The optical assembly components (lens, display, and backlight) must stay precisely aligned along a center-viewing axis relative to each other and with precise spacing between components. This center-viewing axis extending from the diver's eye is perpendicular to the lens surface. The diver views the magnified display by shifting the eye downward and slightly to the right. Two additional variables affect the diver's ability to view the display within the mask. The distance between the diver's eyes, or interpupillary distance (IPD), affects the alignment of the diver's eye to the lens. The diver's face shape also affects viewing alignment since it determines the way the mask fits on the diver's face. This required the design of a fixed alignment mount that could accommodate as many different divers as possible, despite varying IPDs and face shapes. Finding the optimum location and alignment angle for a fixed mount system was a considerable challenge, requiring extensive trial and error, and human factor subject testing.
After completing extensive testing using prototype masks with various alignment positions, the optimum alignment angle was achieved and incorporated into the digital 3D solid mask model.
Embedded Electronic Control
The IDDM embedded electronic system is a combination of electronics, sensors, electromechanical hardware, and controlling software. This distributed system processes the sensor data and presents it to the diver's display screen.
Through several iterations of integrating electromechanical and industrial design requirements, a well-balanced frame design with a natural distribution by function of the electronic, mechanical, and optical system components was developed.

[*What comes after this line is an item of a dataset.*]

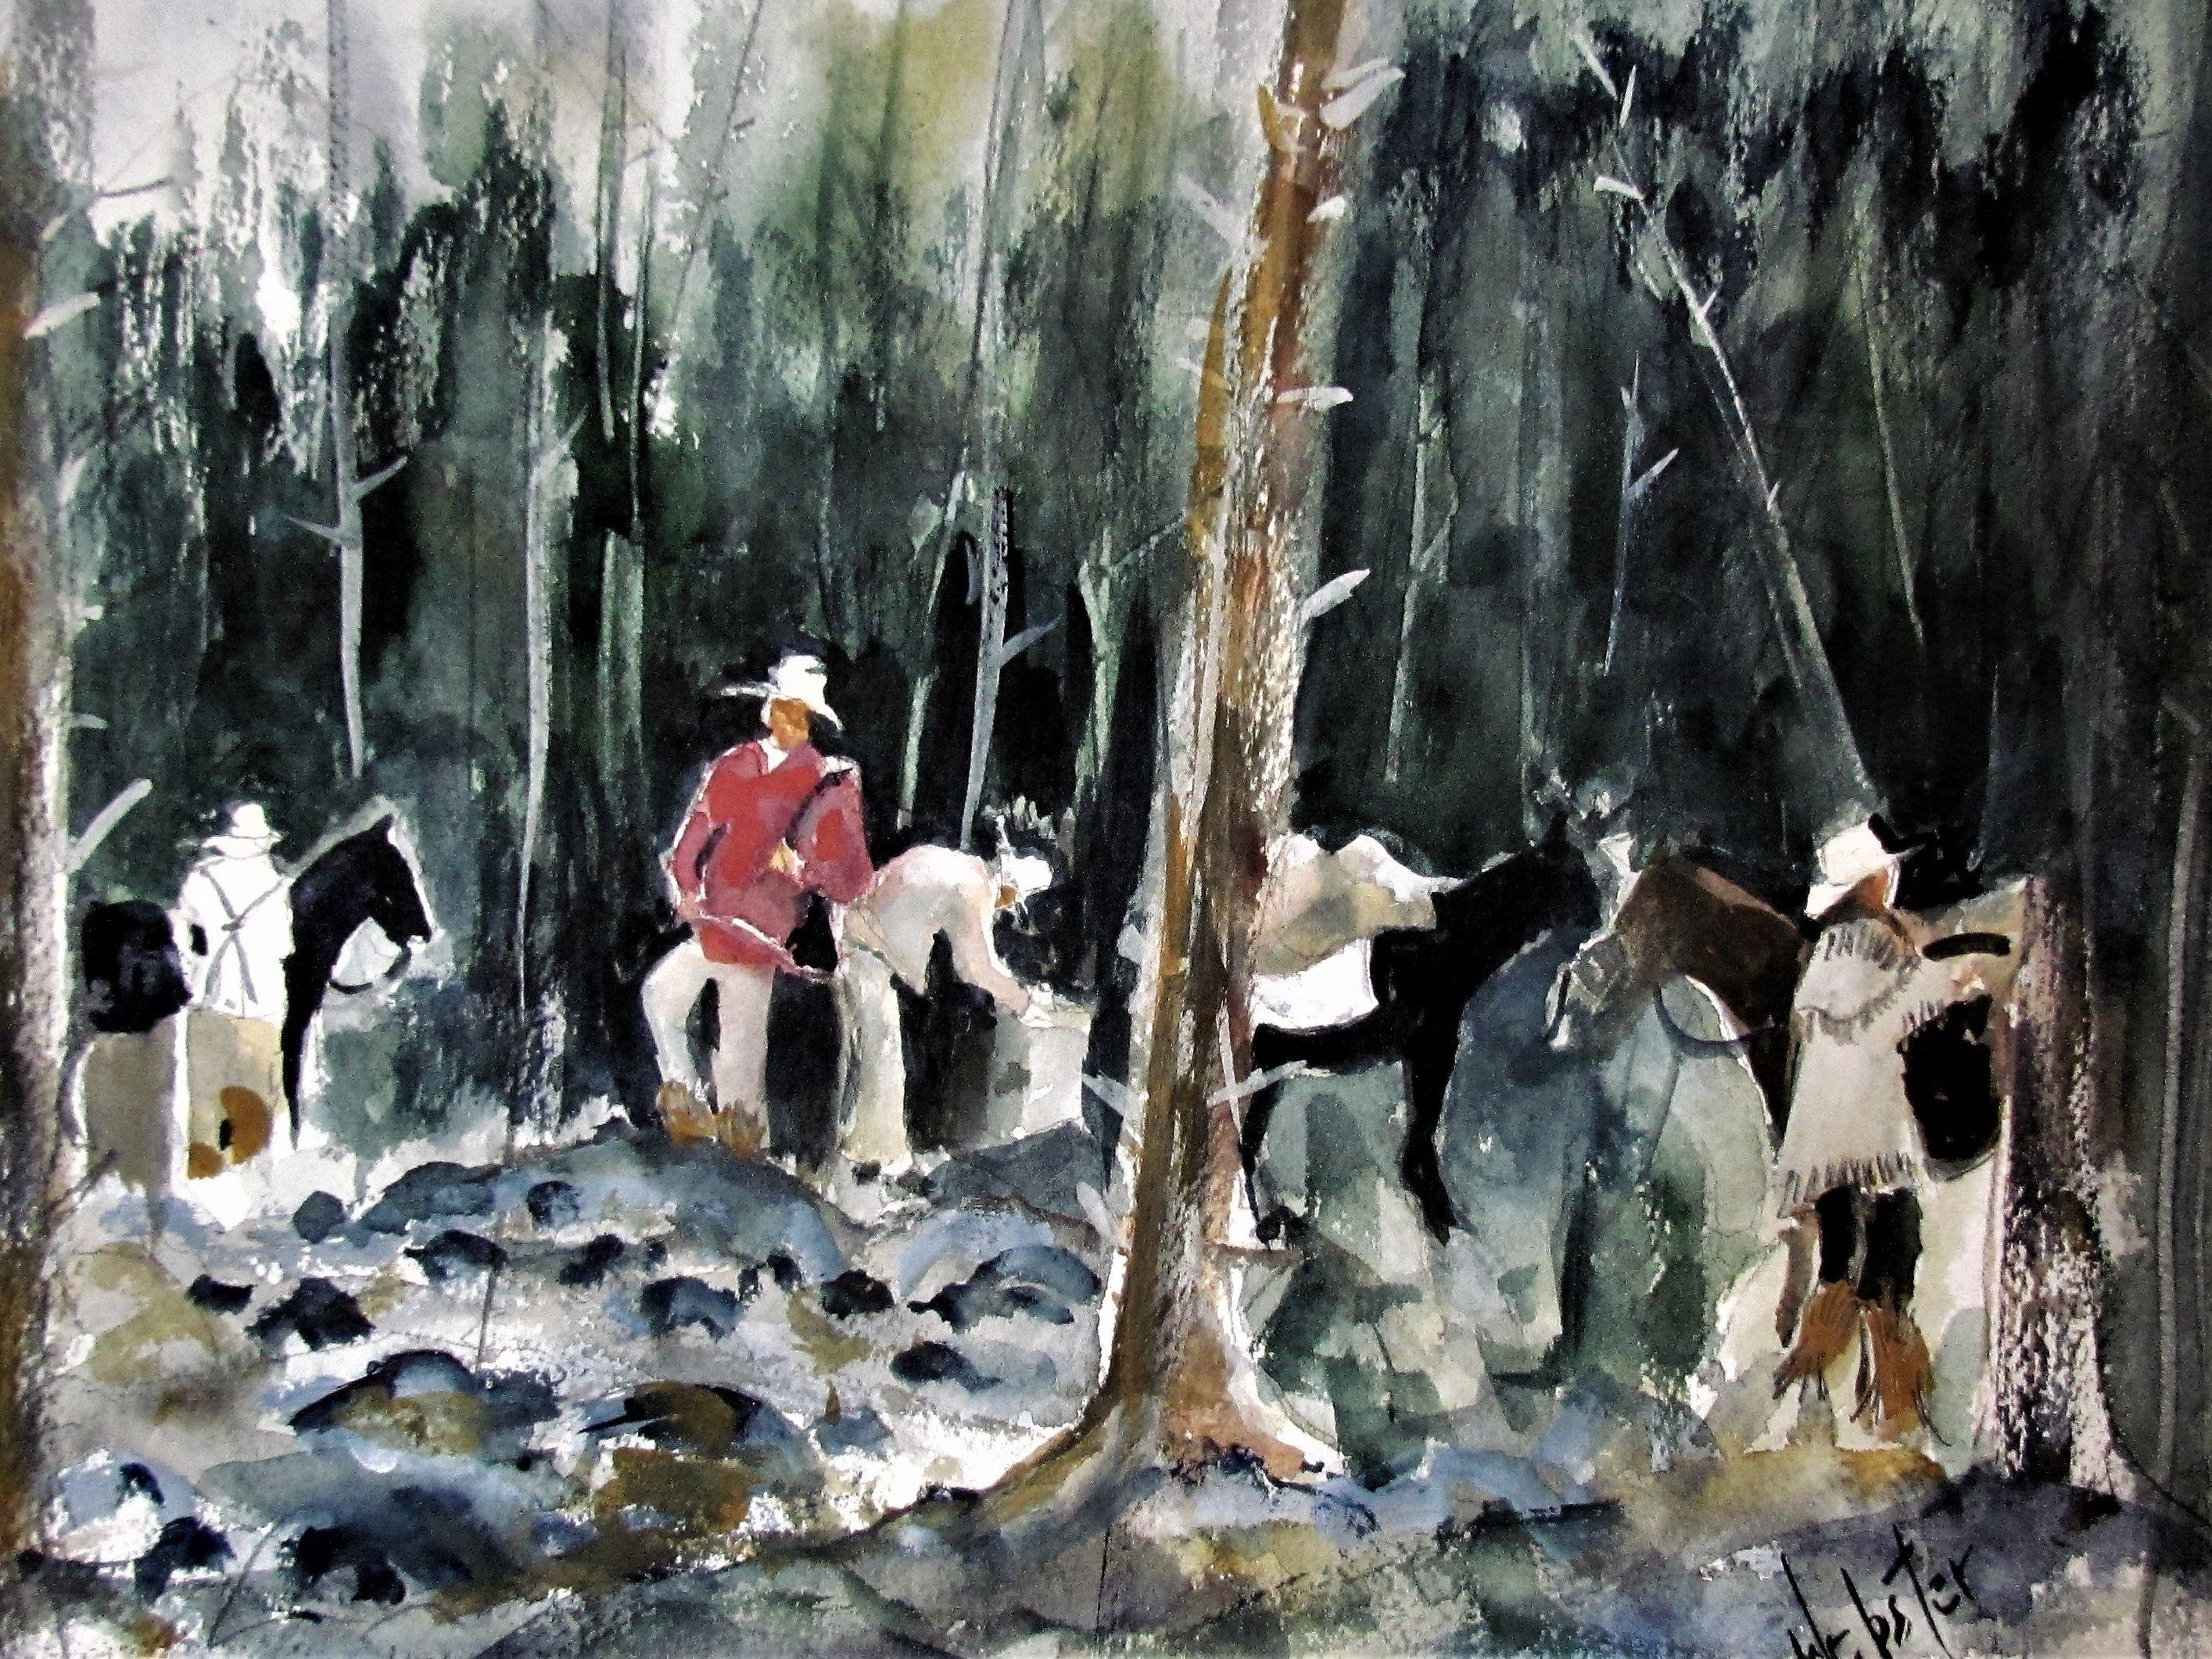 Breaking Camp, Painting, Watercolor on Paper - Art by William Webster

The embedded electronic control system is located within this frame design and distributed in four subsystems: the controller, the display, the RF receiver, and the battery.
Rapid Prototyping and Manufacturing
To produce interim and final prototype masks with such a complicated mechanical design it was essential to use state-of-the-art rapid prototyping techniques. Several interim prototype versions of the IDDM were produced using a process called stereolithography in order to test human factors, optical alignment, backlight intensity, and system integration. Stereolithography uses proprietary photo-reactive liquid polymer resins and ultraviolet laser light to produce functional prototypes from the digital 3D solid models.
Other Diving Applications
Military Special Operations:
The miniature display screen and control software can be customized for the specific diving apparatus and mission profile, with SOF combat swimmers able to monitor critical life support and mission data inside the dive mask - regardless of poor environmental conditions.
An IDDM system could also be modified for the US Navy MK-16 or similar UBA for use by EOD divers. Adapting the IDDM into a full facemask configuration is also possible. This future integrated full facemask system could potentially provide the EOD diver with depth, bottom time, cylinder pressure, oxygen level (PPO 2 ), and battery status without large wrist-mounted displays.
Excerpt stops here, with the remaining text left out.